We saw a preview of Juno tonight. It opens in Australia on 17 January 2008. Go see it, it’s the best film of the year. It’s as good as Little Miss Sunshine, American Beauty, Election, The Breakfast Club – I can go on.
It captures a voice of youth and the way you felt if you were ever a freaky little teenager. Juno reflects that youth is for the young but dealing with issues beyond our maturity is a life-long lesson.
Juno is a sixteen year old high school junior who falls pregnant after a one night fling with her best friend Bleek. She finds adoptive parents for the baby and the story develops around this smart-alec, punk, clever, cute, insightful mother-to-be as she deals with: her feelings for Bleek, her other best friend Leah, her parents, the adoptive parents, pregnancy and school. Any more and I’d have to give spoilers.
I love this film. We’ll be watching it again with our 14 year old daughter, although she won’t think I’m cool enough and the teen pregnancy will freak her out.
We saw a preview of 27 Dresses thanks to 20th Century Fox and Metro Magazine – since 1968 Australia’s oldest, continuously published film and media magazine.
I’ve managed to somehow overwrite the original review – how frustrating.
I like a good romantic comedy. Most of my more blokey friends think I’m a bit suspect. However I’ve found 2 things to be self evident:
Chicks like rom-coms and chick flicks – this makes them great date movies with significant fringe benefits, and
after watching a chick flick most self-respecting women will happily endorse you excursion to the pictures with your mates to see the latest addition to the Alien franchise.
27 Dresses is a solid 3 star addition to the wedding film sub-genre of the romantic comedy. It isn’t as good as the Wedding Singer or even My Best Friends Wedding but it’s fun, clever, entertaining and natural.

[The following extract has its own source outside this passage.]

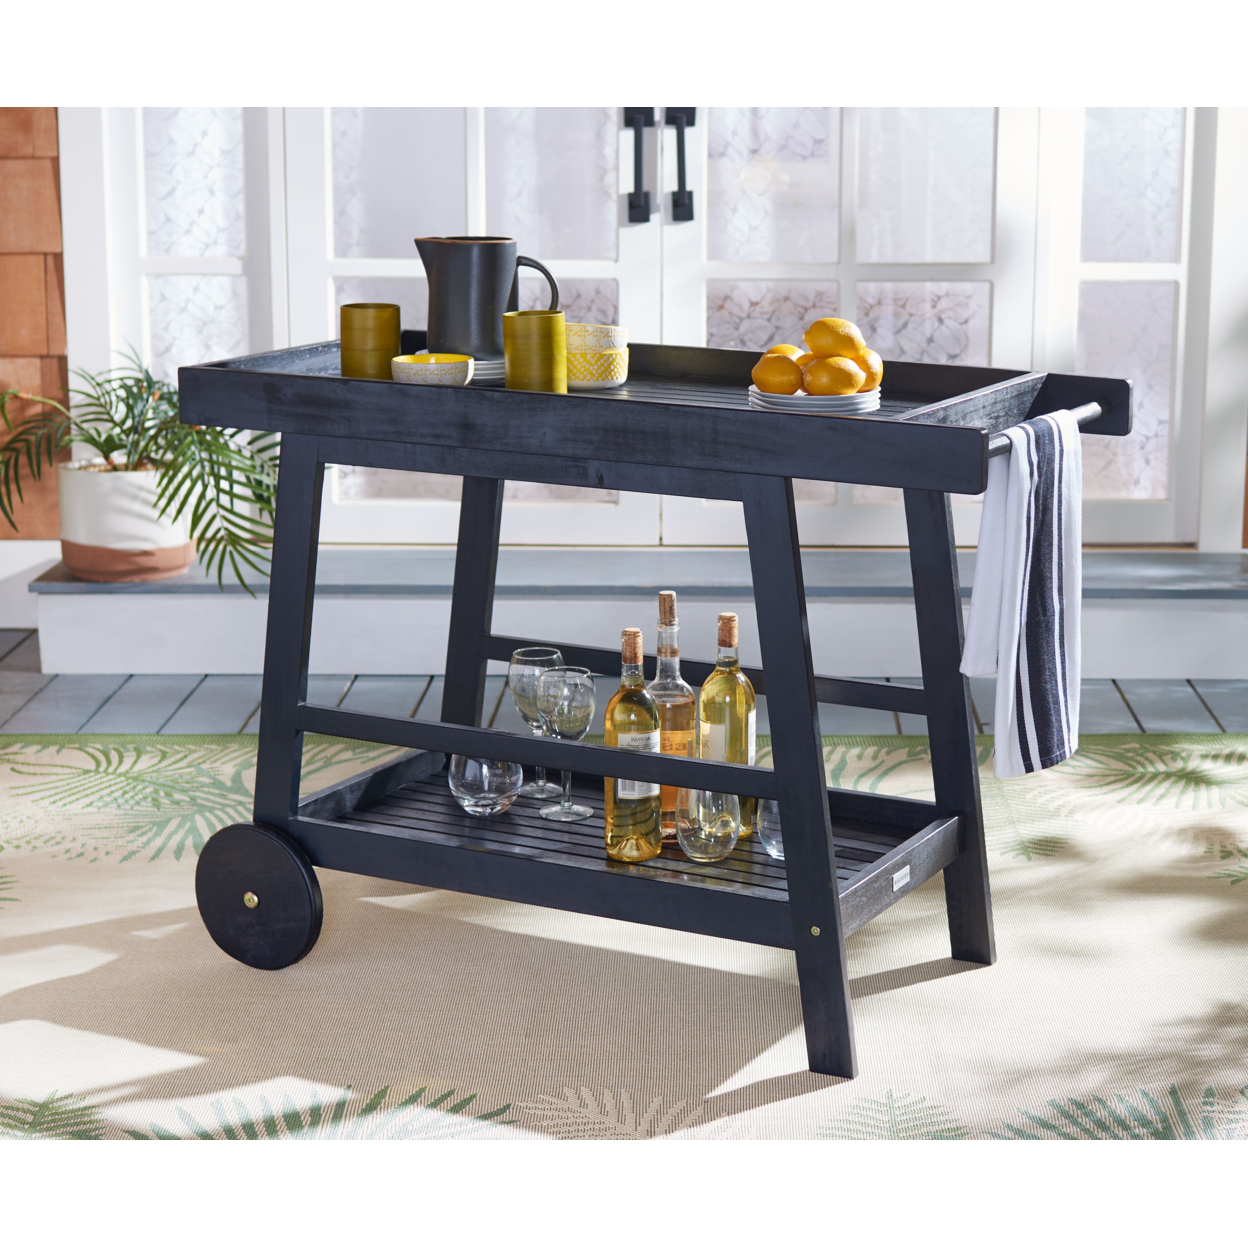 SAFAVIEH Outdoor Collection Renzo Indoor/Outdoor Bar Cart Black

From the trailer Jane has been a bridesmaid 27 times and is looking forward to one day being the bride. Secretly in love with her boss, George, Jane is both the perfect bridesmaid and the perfect executive assistant. Organised, in-control, resourceful, sensitive and competent, she can take care of any crisis but can’t pursue her own happiness. George is handsome, sincere, loveable and clueless. Jane’s insensitive sister Tess whisks in from Milan, meets George and Jane must organise her sister’s perfect marriage to her boss. Kevin is a journalist whose cynical view of the marriage industry is at odds with his gift to write about weddings in a way swoons brides, to-be’s and wanna-be’s.
The relationships and plot development are mostly natural and relaxed, flowing while setting up engaging gags. I have two complaints. Firstly the easy plot choices made for Tess, I’d love to see what would have emerged had the more mature Tess from the end of the film been there all along. It’s hard to write characters who are flawed but good.
Secondly, I hated the way Jane broke out of her people pleasing pattern. Again I think it was the easy or lazy story choice but they missed greatness by not reaching for it. All rom-coms need the all-is-lost moment and it is extremely hard to write. That’s what makes them worth doing.
Still a good effort with hilarious moments not in the trailer. A great date movie that will let guys get more action than Alien vs Predator: Requiem. Go see that with your mates afterwards.